▶ _Exercise description_
Your task is to restate word for word the line containing "#evoyourgame" and each line that follows it in the listing, and only those.

▶ _Given information_
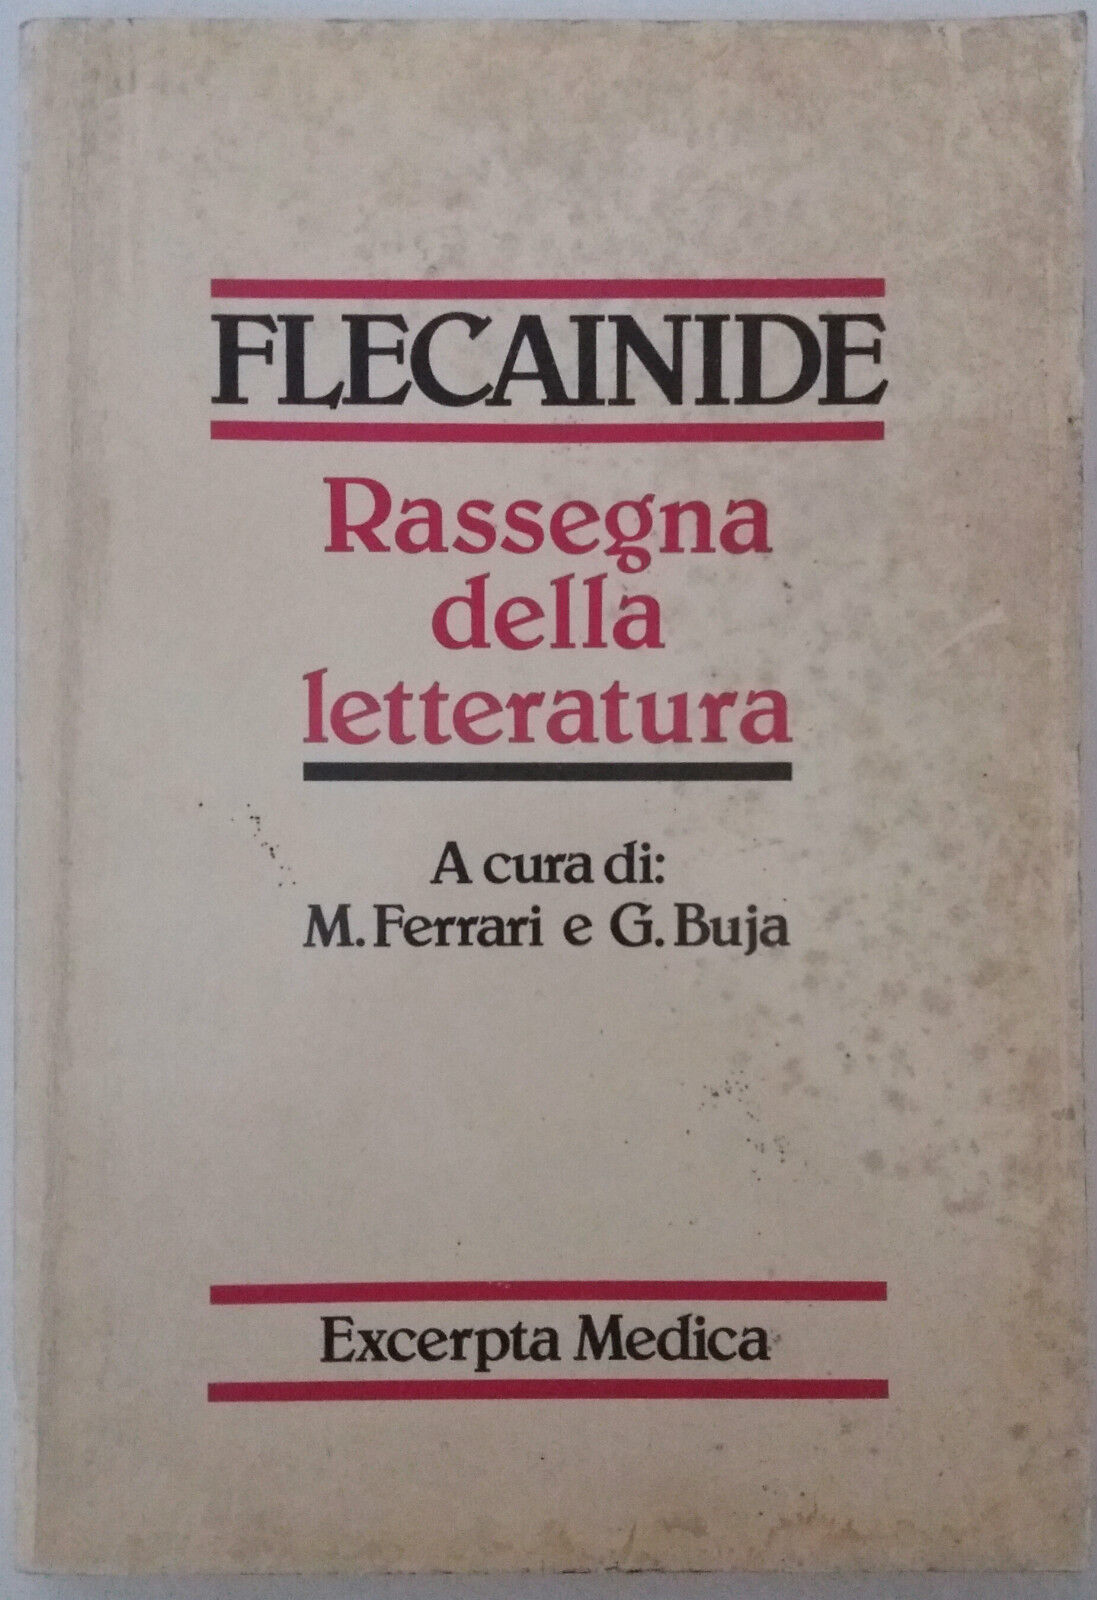 Flecainide, Rassegna della letteratura - AAv VV. - Excerpta Medica - 1986 - G
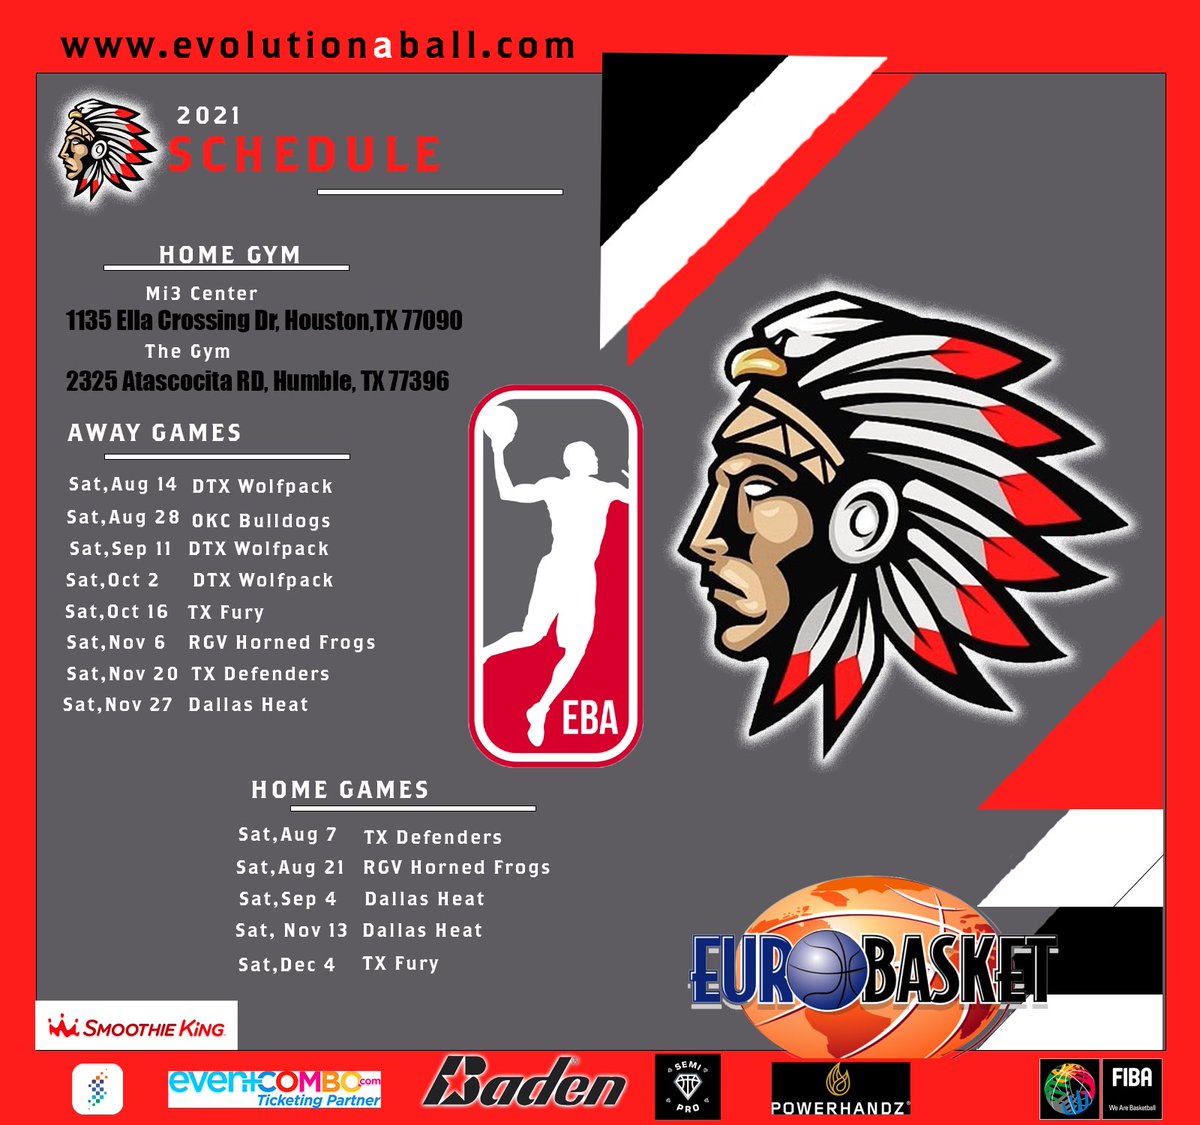 Start of the Inaugural Season is here! Here are individual schedules

#evoyourgame
#evoaball #eba #explorepage  #nbagleague #fiba #eurobasket #ebatv #dallas #dfw #dalheatup #wolfpack #aaw #txdefenders #okcbulldogs #txtribe #txfury #fyp #denver #rgv #basketball #ebausa #evoanews

▶ _Answer box_
#evoyourgame
#evoaball #eba #explorepage  #nbagleague #fiba #eurobasket #ebatv #dallas #dfw #dalheatup #wolfpack #aaw #txdefenders #okcbulldogs #txtribe #txfury #fyp #denver #rgv #basketball #ebausa #evoanews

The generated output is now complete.